Limerick, Ireland
Aoife Desmond, Atlas Avenue - Relocating Limerick Wastelands, 2010, 18 photographic screenprints in semi-translucent silver-black ink on glass, dimensions variable

Aoife Desmond

b. 1974, Ireland

My working methodology is performative and interdisciplinary. I combine film-making, photography, drawing, performance, installation, sculpture and collaboration in constantly shifting variations. Using Super 8 film, an Olympus stills camera and a notebook, I physically map a series of drift walks. An aesthetic journey emerges through the act of walking, images rising to the surface like poetic markers. Linking to the work of the Situationists International, these ‘drift’ or dérive walks seek to remap divergent landscapes. My work practice questions human relationships to place and nature, particularly urban wastelands and areas of neglect. By exploring wasteland, relationships between production and entropy are exposed. I choose to create intimate one-off events and interventions that reference locality, history and daily life.

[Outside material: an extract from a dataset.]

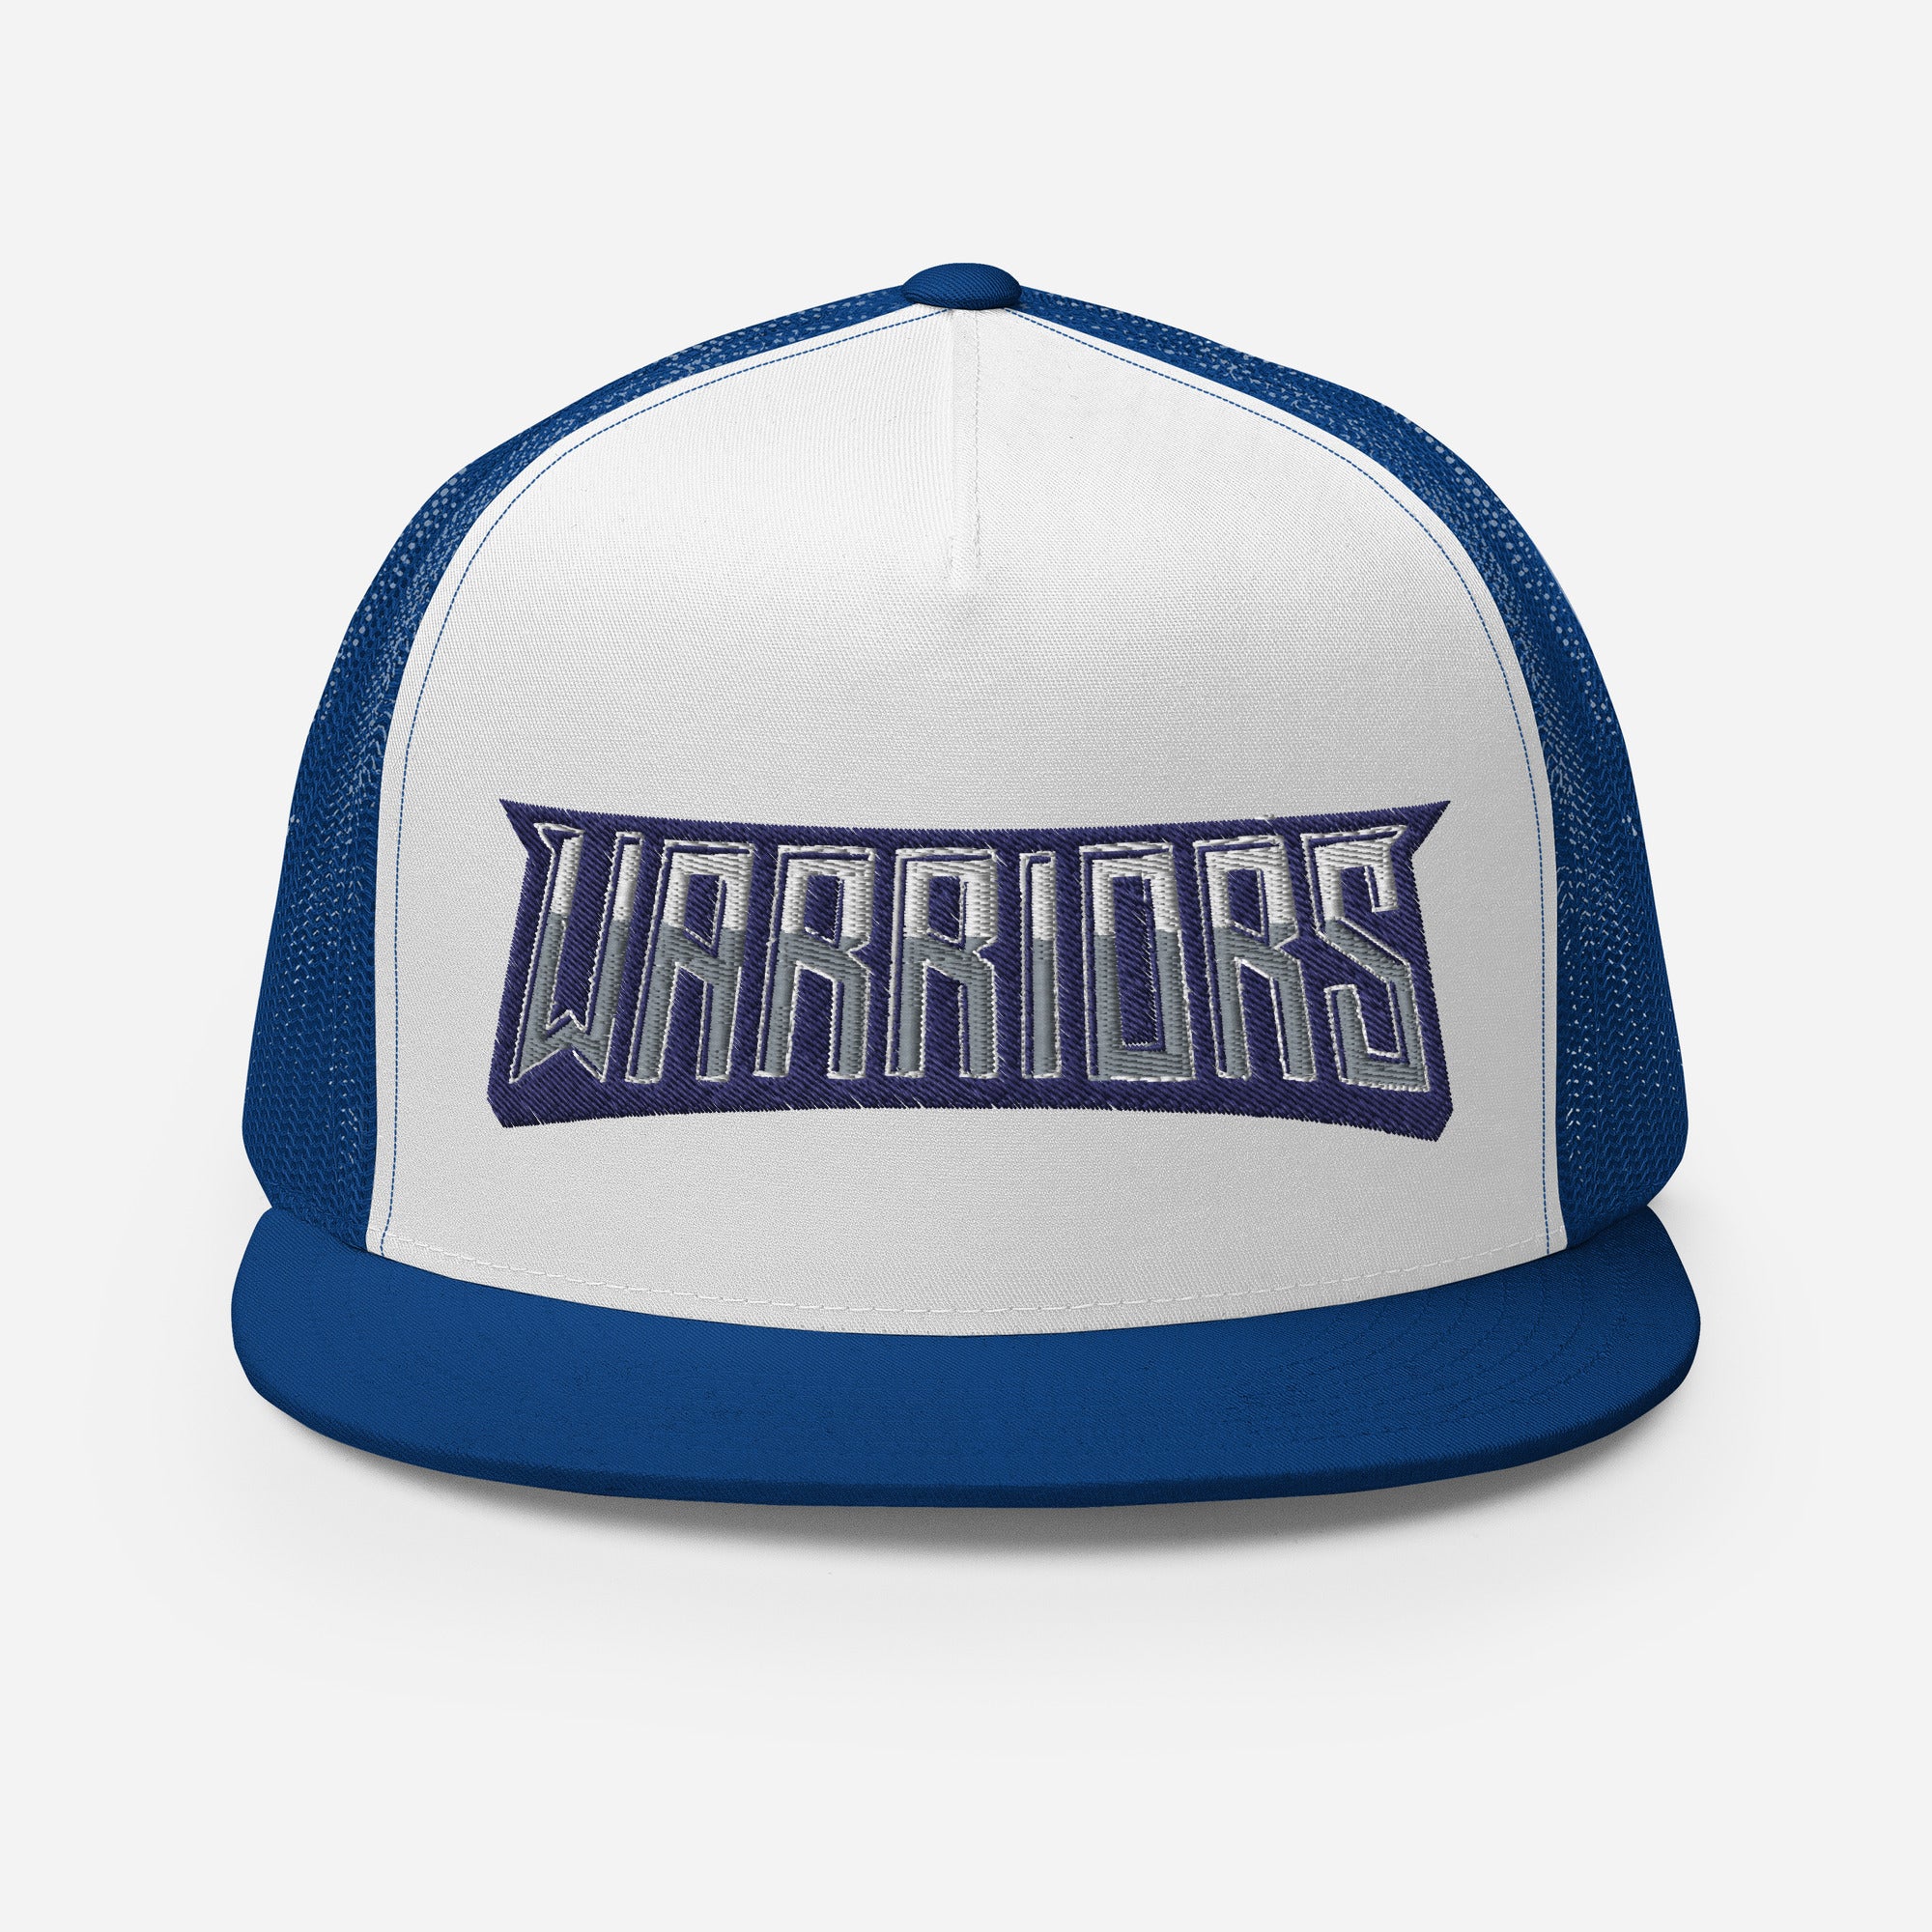 Tampa Warriors Word Seal Trucker Cap
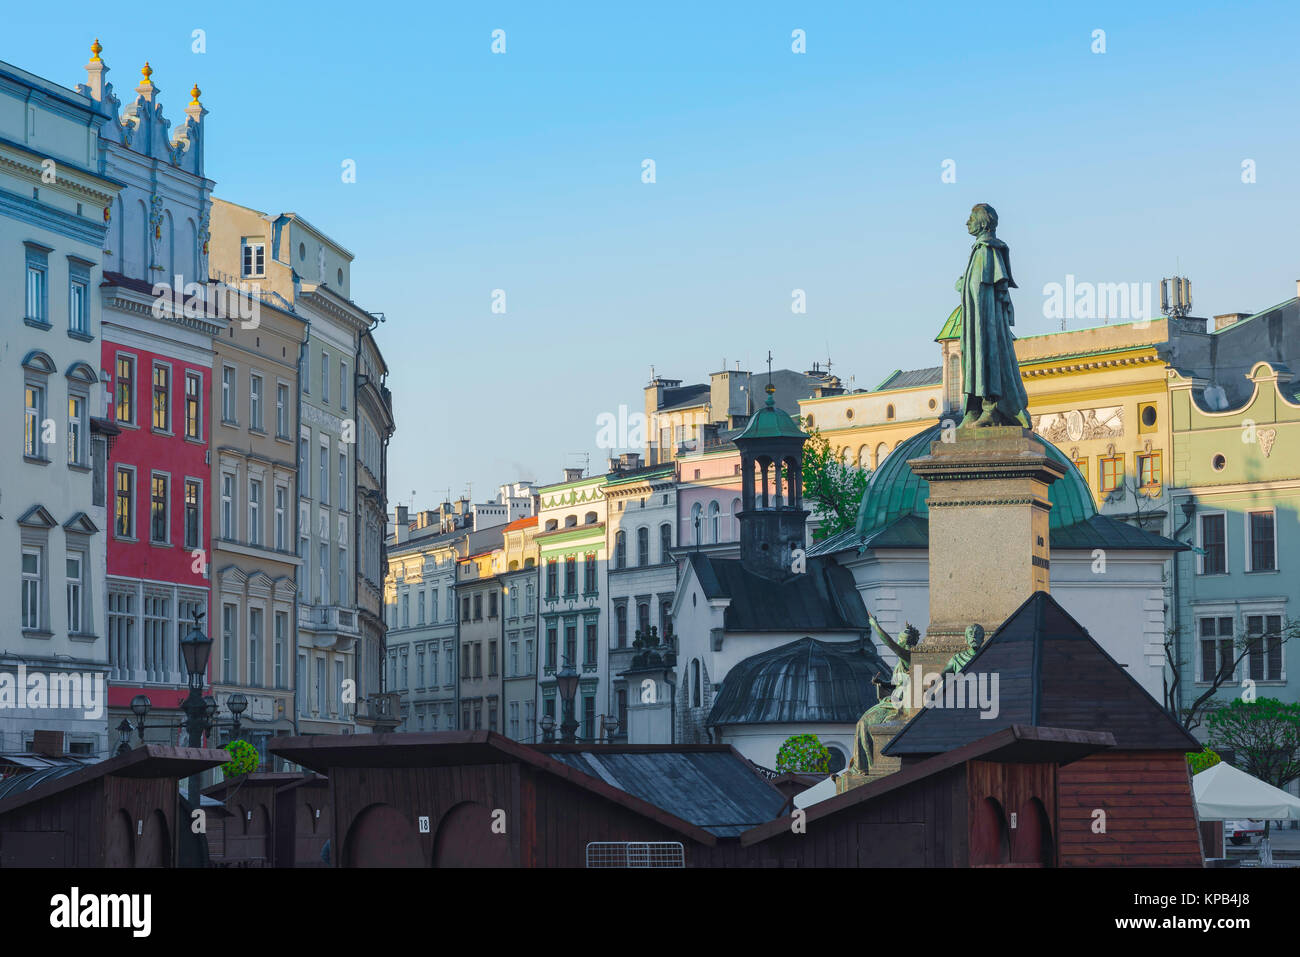 Polen barocke Architektur, Barock und Rokoko Gebäude auf der Südseite des Platzes im Zentrum von Krakau, Polen. Stockfoto

Atlas Avenue is situated off the Dock Road, beside Limerick harbour. Its surprisingly poetic name sits in contrast to its mismatched collection of vacant and active spaces. The French term for wasteland, terrain vague, seems apt. This project features a series of photographs screen-printed onto the windows of the glass corridor in Limerick’s City Hall. This glass corridor functions as a kind of interior street. The window images portray the ruined and worker areas of Atlas Avenue, functioning as a reverse of the official front of the city.